Defect control based on interfacial passivation via post-treatment of 1-ethylpyridine hydrobromide for achieving efficient and stable perovskite solar cells

Abstract

The carrier recombination caused by a series of crystal defects in perovskite materials is still the main obstacle to further improve the photoelectric conversion efficiency. Herein, as an agent for interfacial engineering, 1-ethylpyridine hydrobromide (EPB) was employed to treat the FA1-xMAxPbI3-yBry perovskite film using a two-step sequential deposition method. The influence and mechanism of the post-treatment with EPB on the film properties and photovoltaic performance of the relevant perovskite solar cells (PSCs) were studied. The champion EPB-treated perovskite solar cell achieved a remarkable power conversion efficiency (PCE) of 20.71 % with an enhanced short current density (Jsc) of 24.14 mA cm−2, which is higher than that (PCE = 18.85 %, Jsc = 23.40 mA cm−2) of the pristine device without EPB. The nitrogen (N) atom in EPB exhibits a strong coordination with lead (Pb) from the perovskite, which reduces defect density and suppresses non-radiative recombination for achieving high-performance PSCs.

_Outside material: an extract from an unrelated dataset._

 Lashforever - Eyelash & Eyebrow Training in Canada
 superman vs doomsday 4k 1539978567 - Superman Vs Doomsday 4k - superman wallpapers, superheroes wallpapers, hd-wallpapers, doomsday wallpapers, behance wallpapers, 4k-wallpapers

The UV–vis and UPS results reveal that the effective passivation effect of EPB reduces the drop of the valence band between perovskite and SpiroOMeTAD, which effectively promoting the interfacial transport of carriers. As a result, The PCE of the EPB-treated device remains more than 90 % of the initial efficiency after 400 h of unpackaged and about 40 % ambient humidity.